The order will take effect starting Monday and applies to everyone age 2 and older — regardless of vaccination status. 

The governor also announced that all health care workers, including nursing home employees, and educators from kindergarten through college — as well as eligible students — will be required to be vaccinated against COVID-19 or submit to weekly testing.

The mandates, which overlap in several places with existing rules, are a response to a spike in COVID-19 infections fueled by the highly contagious delta variant, particularly in southern and central Illinois.

“Our current vaccination levels are not enough to blunt the ferocity of the delta variant hospitalization surges,” Pritzker said. “In some regions, hospital administrators are asking for more help to manage the sheer number of incoming patients who, I’ll empathize again, are are almost exclusively individuals who have chosen no to have gotten the life-saving vaccine.”

Pritzker said that 98% of Illinois’ COVID-19 infections from January to July were among the unvaccinated.
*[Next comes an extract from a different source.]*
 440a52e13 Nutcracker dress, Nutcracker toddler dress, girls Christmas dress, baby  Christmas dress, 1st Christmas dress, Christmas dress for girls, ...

“You don’t need to be an epidemiologist to understand what’s going on here. This is a pandemic of the unvaccinated,” the governor said.
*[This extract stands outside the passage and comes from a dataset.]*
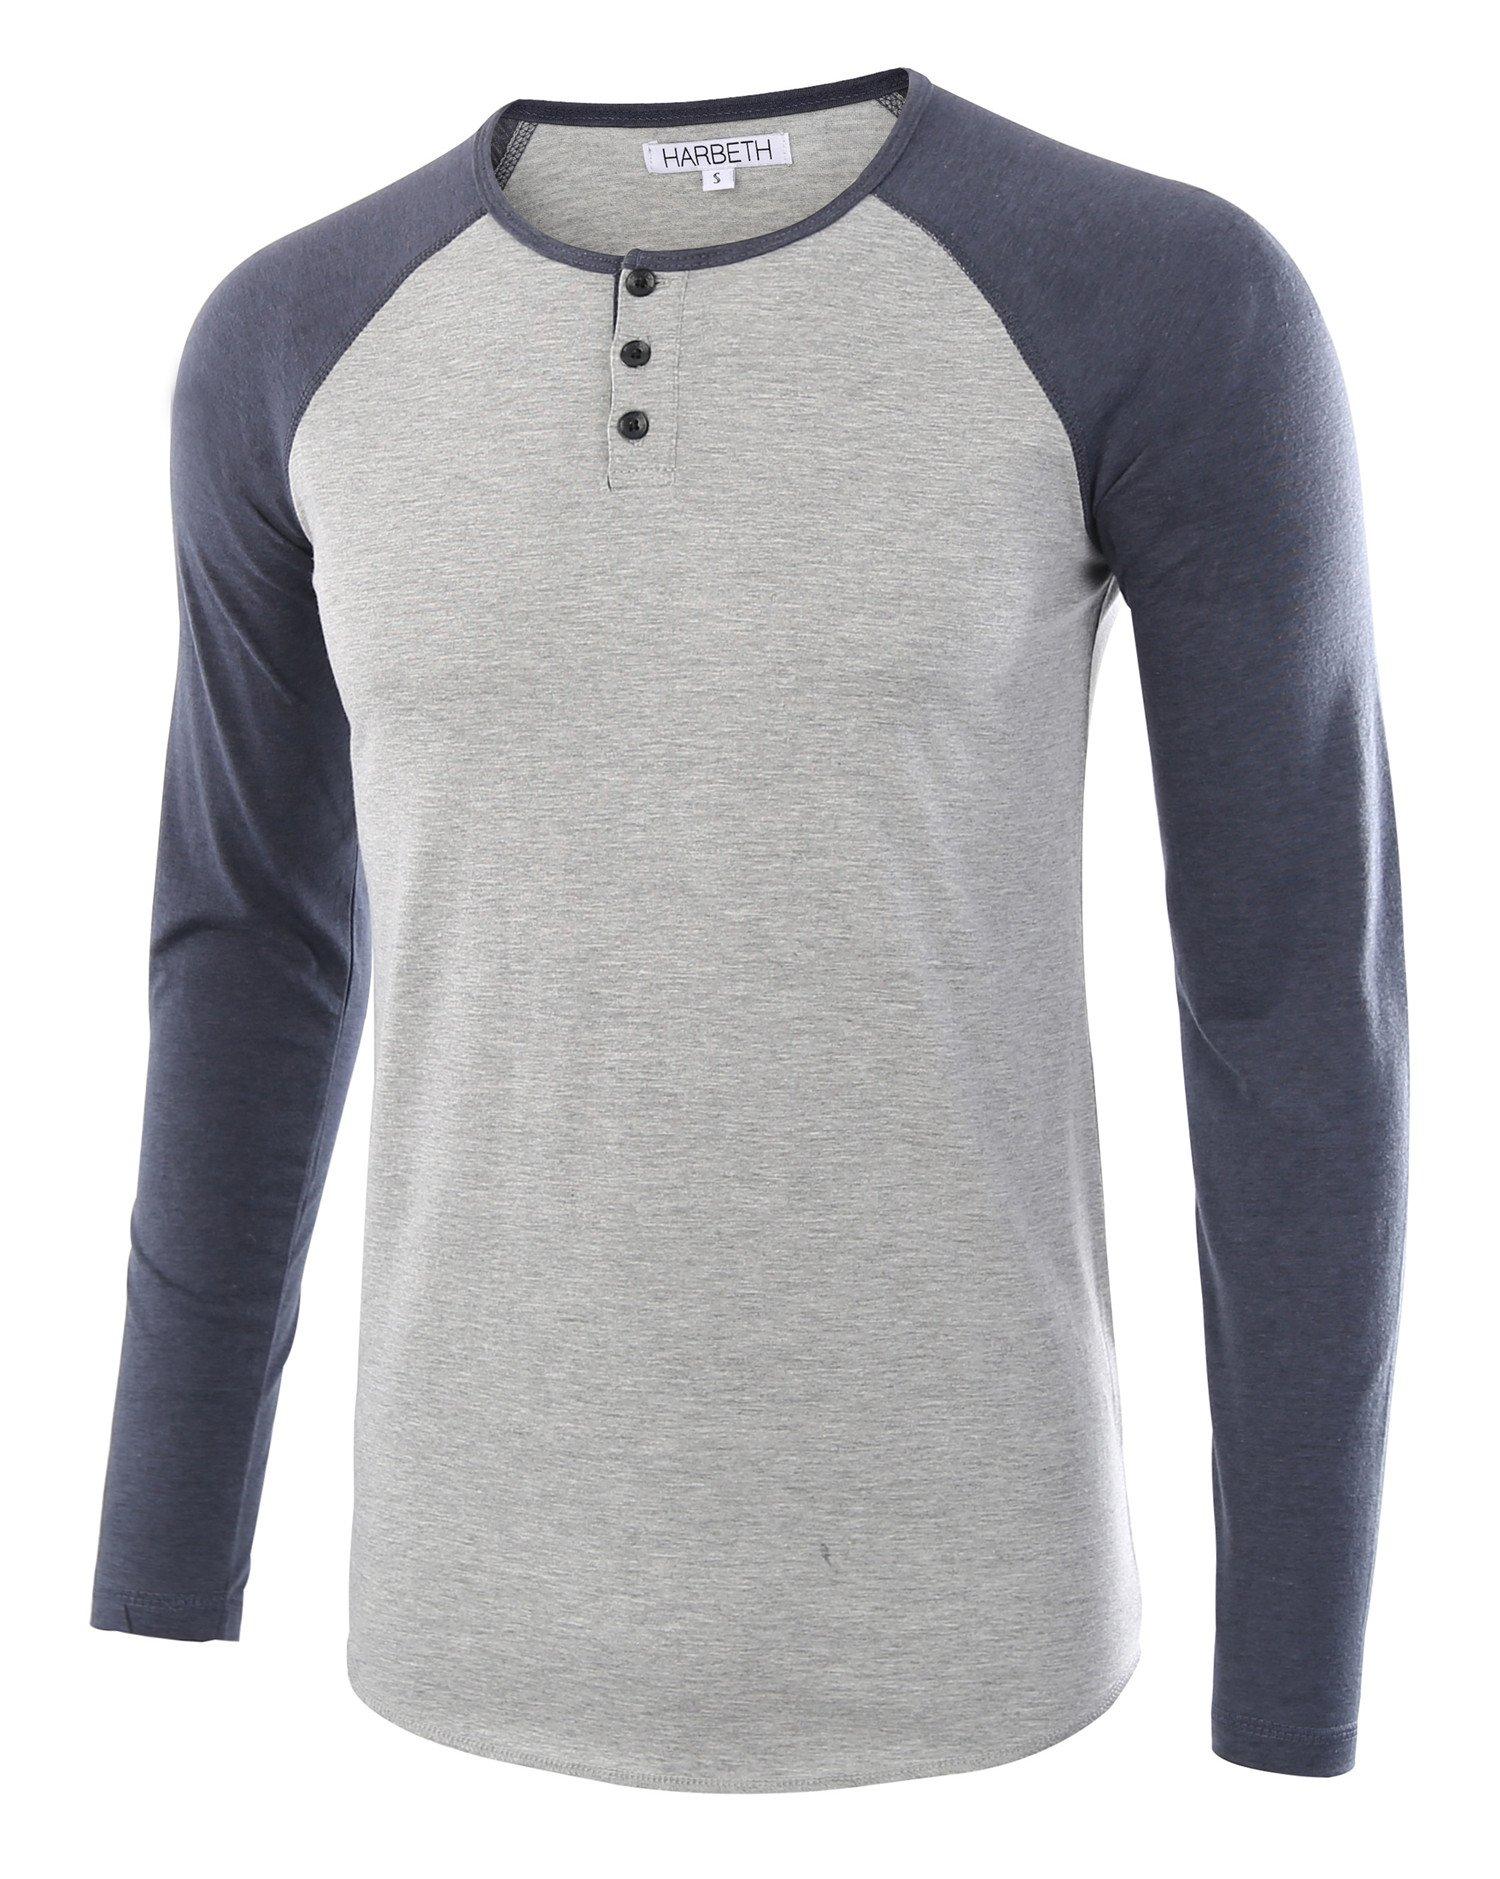 HARBETH Men's Casual Long Sleeve Henley Shirt Raglan Fit Baseball T-Shirts Tee H.Gray/C.Blue M

First doses of the vaccine are required by Sept. 5 for health care workers, including nursing home employees, K-12 educators and support staff and higher education teachers, staff and students. Those who don’t comply will have to undergo weekly COVID-19 testing.

Other cities and states have made similar requirements.

Illinois already has a mask requirement for all schools and two of the largest education systems, Chicago Public Schools and the University of Illinois, already require educator vaccinations. The U of I system also already requires student vaccinations. A large number of hospital systems have also required employee vaccines.

The surge in Illinois, with more than 4,400 cases reported Wednesday, has started overwhelming hospitals in less populated areas in the state where vaccination rates are low and there are fewer health care facilities. For instance, in southern Illinois fewer than half of the residents are vaccinated and earlier this week there was only one available intensive care unit hospital bed available, according to state health officials.